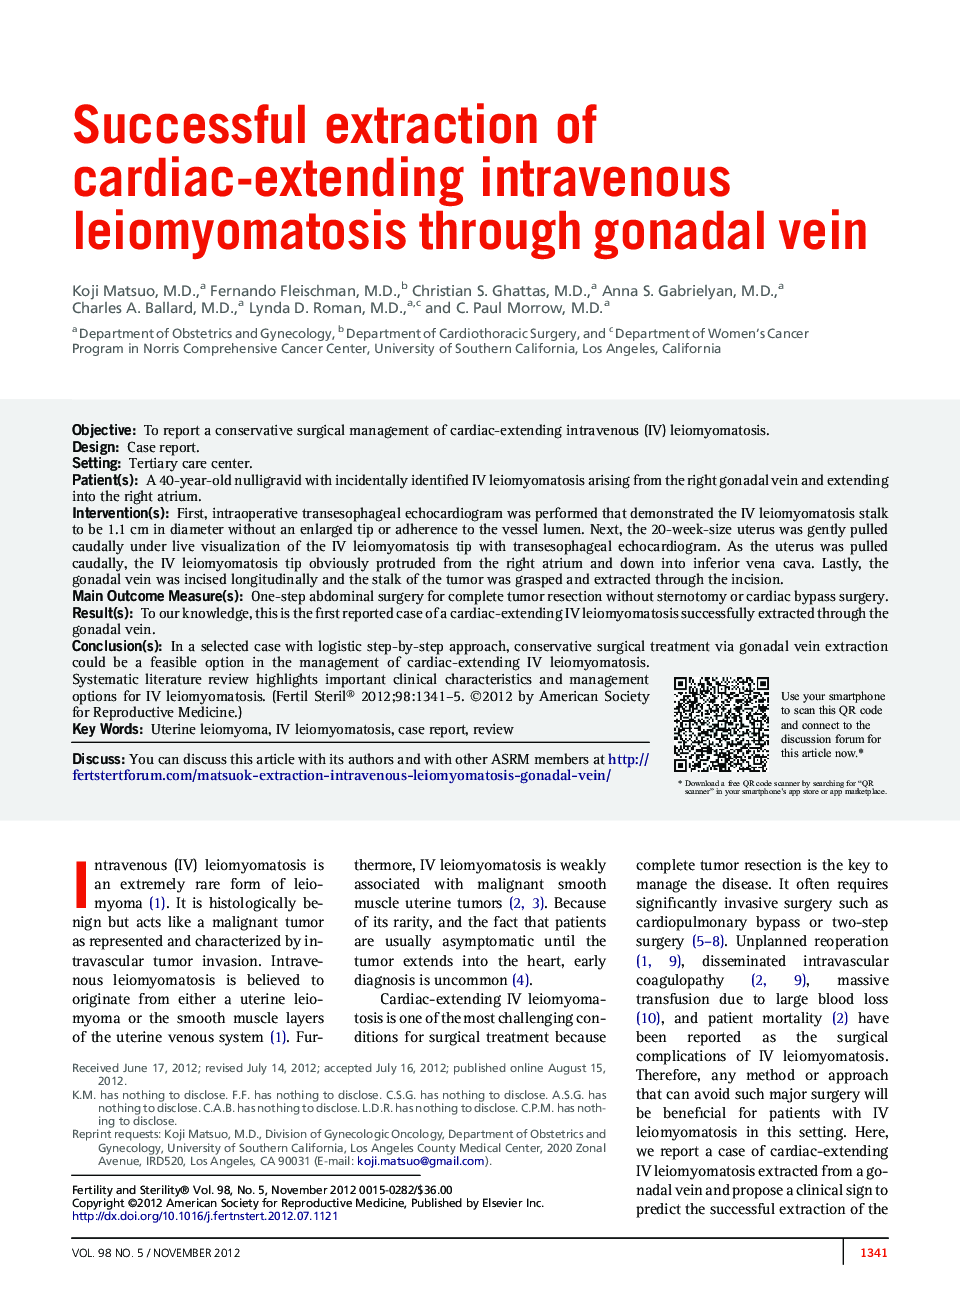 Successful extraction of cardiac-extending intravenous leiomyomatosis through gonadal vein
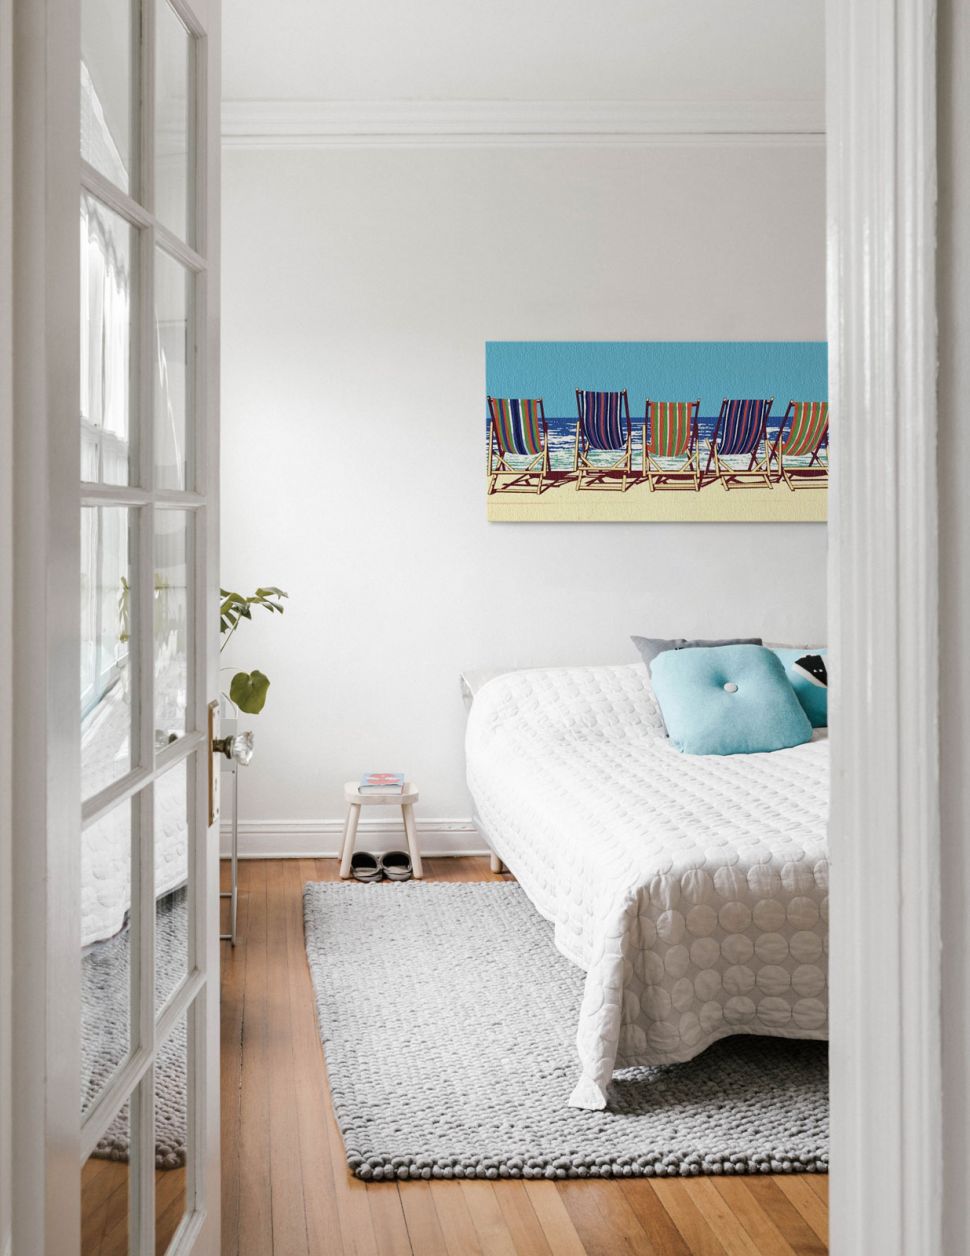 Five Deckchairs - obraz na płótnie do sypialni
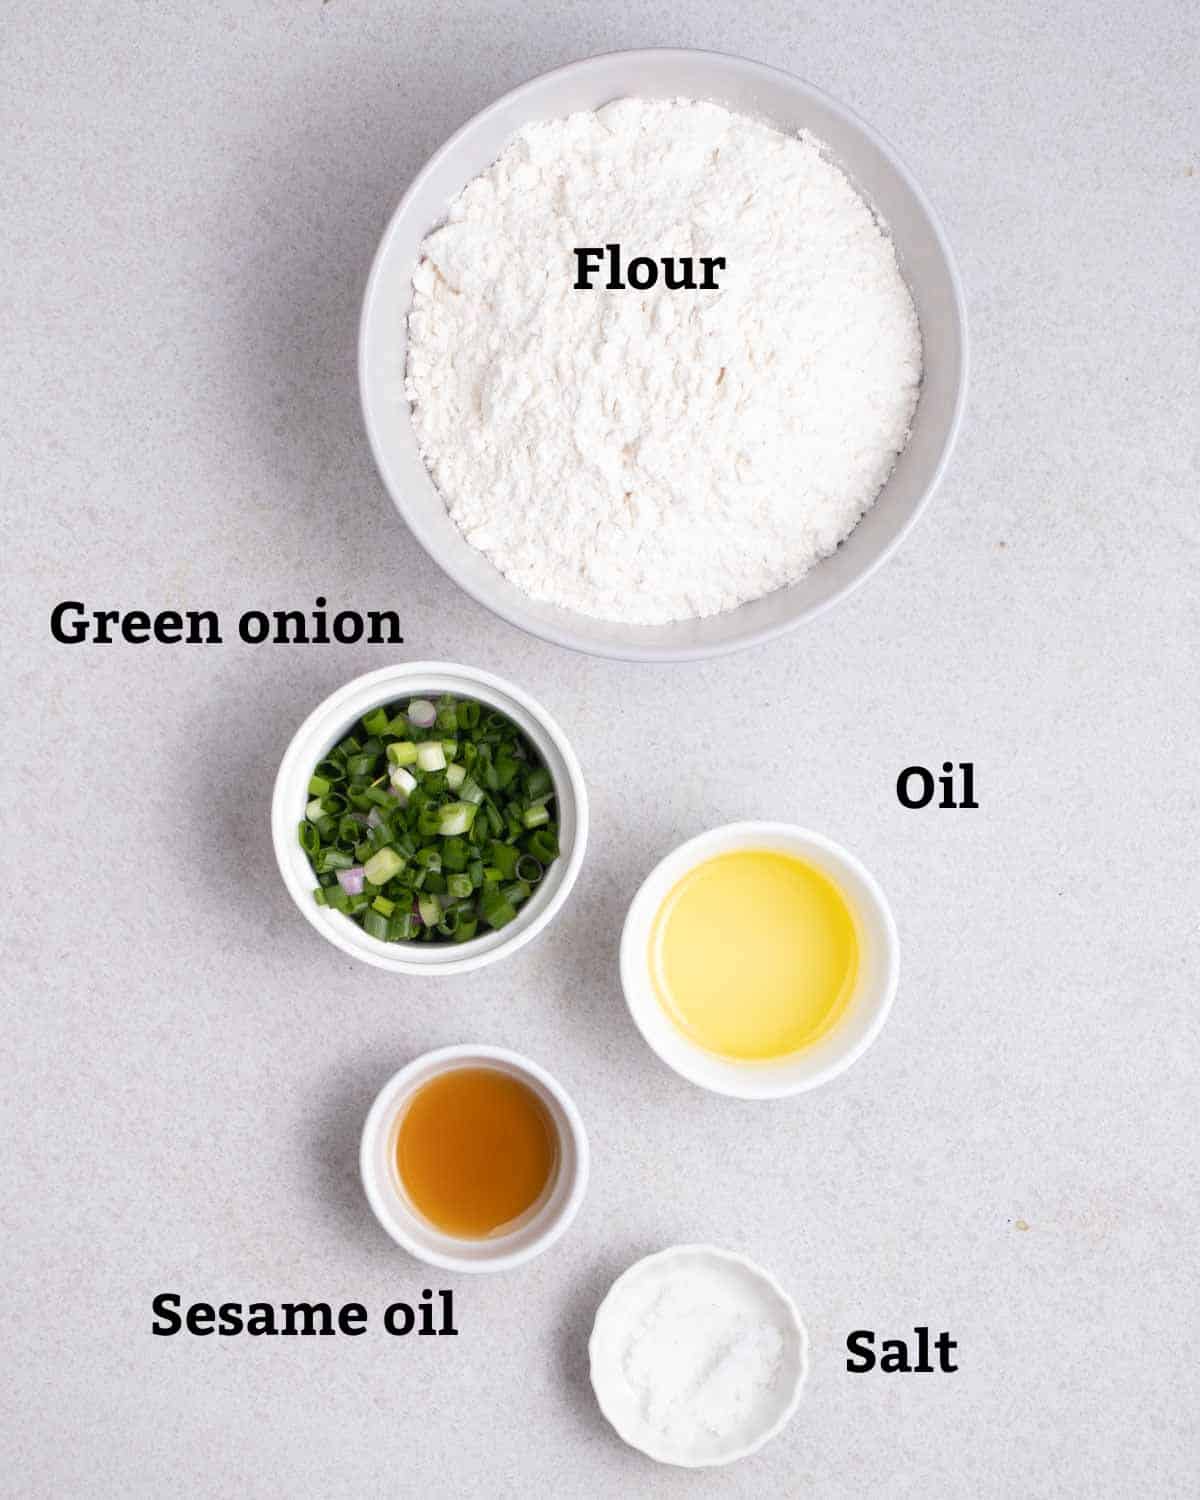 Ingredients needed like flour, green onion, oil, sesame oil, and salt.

## EXERCISE AIM
Print out the whole listing word for word. Leave the pictures out.

## RESPONSE
 Successful extraction of cardiac-extending intravenous leiomyomatosis through gonadal vein
 Five Deckchairs - obraz na płótnie do sypialni
 Ingredients needed like flour, green onion, oil, sesame oil, and salt.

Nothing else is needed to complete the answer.